Mackenzie Jones

Personal information
- Full name: Mackenzie William Jones
- Born: 6 March 2005 (age 21) Welwyn Garden City, Hertfordshire, England
- Batting: Right-handed
- Bowling: Right-arm fast
- Role: Bowler

International information
- National side: Scotland (2025–present);
- ODI debut (cap 86): 8 June 2025 v Nepal
- Last ODI: 8 April 2026 v Oman
- T20I debut (cap 65): 18 June 2025 v Netherlands
- Last T20I: 18 April 2026 v Namibia

Domestic team information
- 2025–2026: Essex (squad no. 59)

Career statistics
| Competition | ODI | T20I | FC | LA |
| Matches | 3 | 3 | 1 | 11 |
| Runs scored | 9 | 9 | 0 | 75 |
| Batting average | – | 9.00 | – | 12.50 |
| 100s/50s | 0/0 | 0/0 | 0/0 | 0/0 |
| Top score | 9* | 9 | 0* | 19* |
| Balls bowled | 120 | 60 | 78 | 496 |
| Wickets | 4 | 6 | 1 | 19 |
| Bowling average | 40.25 | 13.00 | 57.00 | 29.05 |
| 5 wickets in innings | 0 | 0 | 0 | 0 |
| 10 wickets in match | 0 | 0 | 0 | 0 |
| Best bowling | 3/55 | 4/22 | 1/57 | 3/43 |
| Catches/stumpings | 4/– | 0/– | 0/– | 11/– |
- Source: ESPNcricinfo, 12 August 2026

= Mackenzie Jones =

Scottish cricketer

Mackenzie William Jones (born 6 June 2005) is a Scottish cricketer who currently plays for Essex County Cricket Club.
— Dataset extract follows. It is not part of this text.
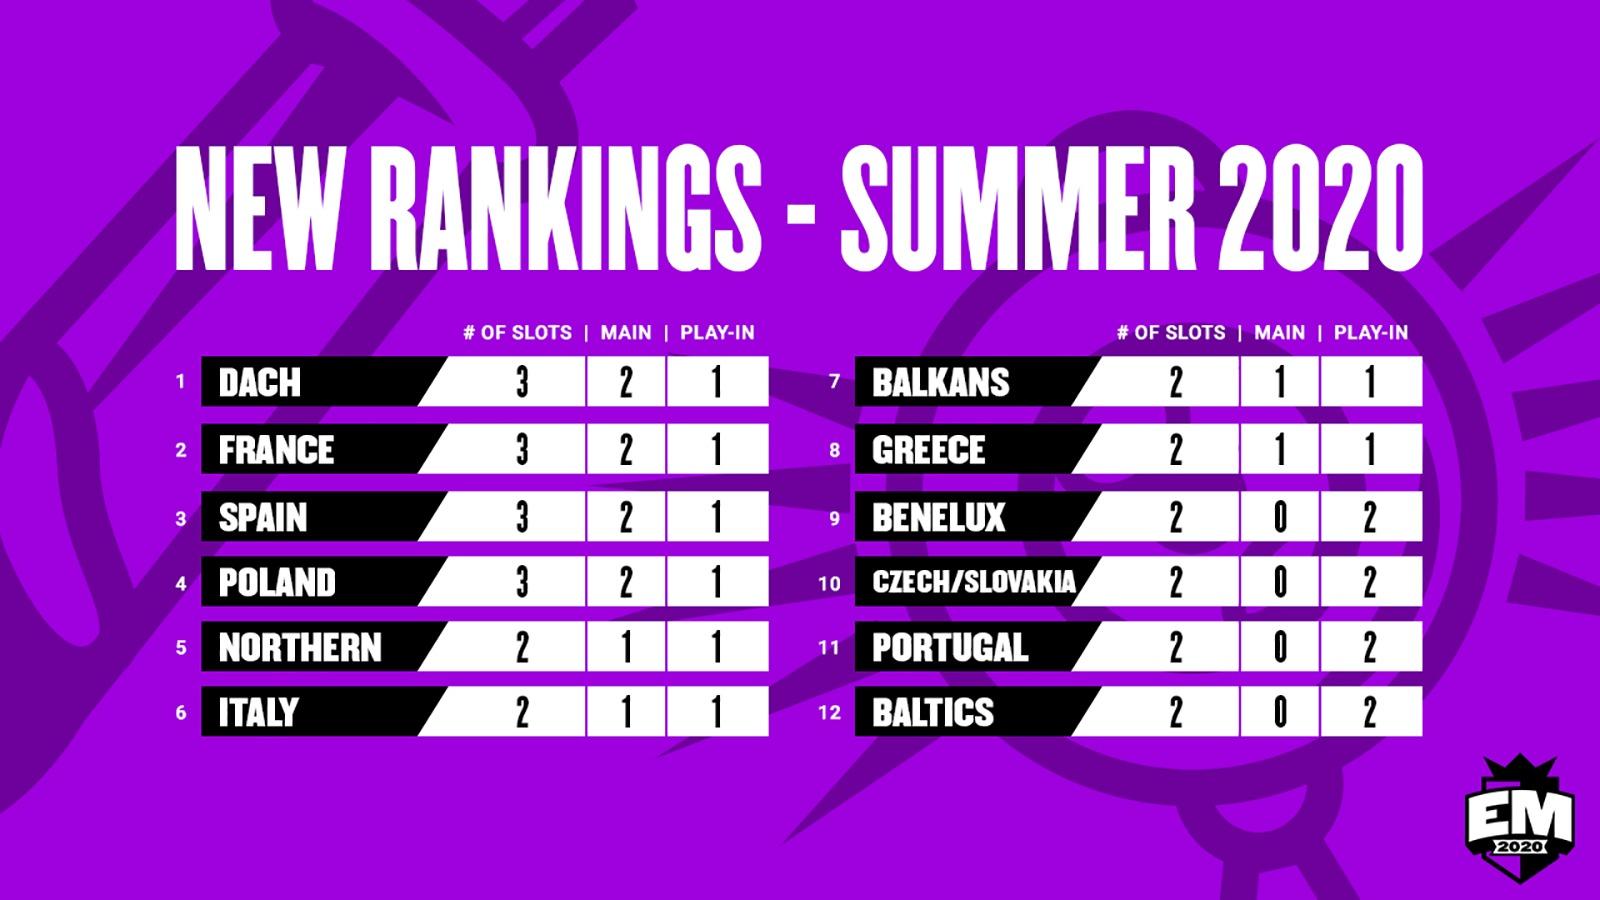 rankings european masters summer 2020

He plays as a right-arm fast bowler and also bats right-handed. He made his international debut for Scotland in 2025.

==Domestic career==
In April 2025, Jones signed his first rookie contract with Essex County Cricket Club. He made his first-class debut for Essex against Hampshire in 2025 County Championship on 22 June 2025.

==International career==
In May 2025, Jones received a first senior international call-up to Scotland's ODI squad for the 2025 Scotland Tri-Nation Series which was part of the 2024–2026 Cricket World Cup League 2. He made his One Day International debut against Nepal on 8 June 2025, in ICC Cricket World Cup League 2. He made his Twenty20 International debut against the Netherlands, on 18 June 2025.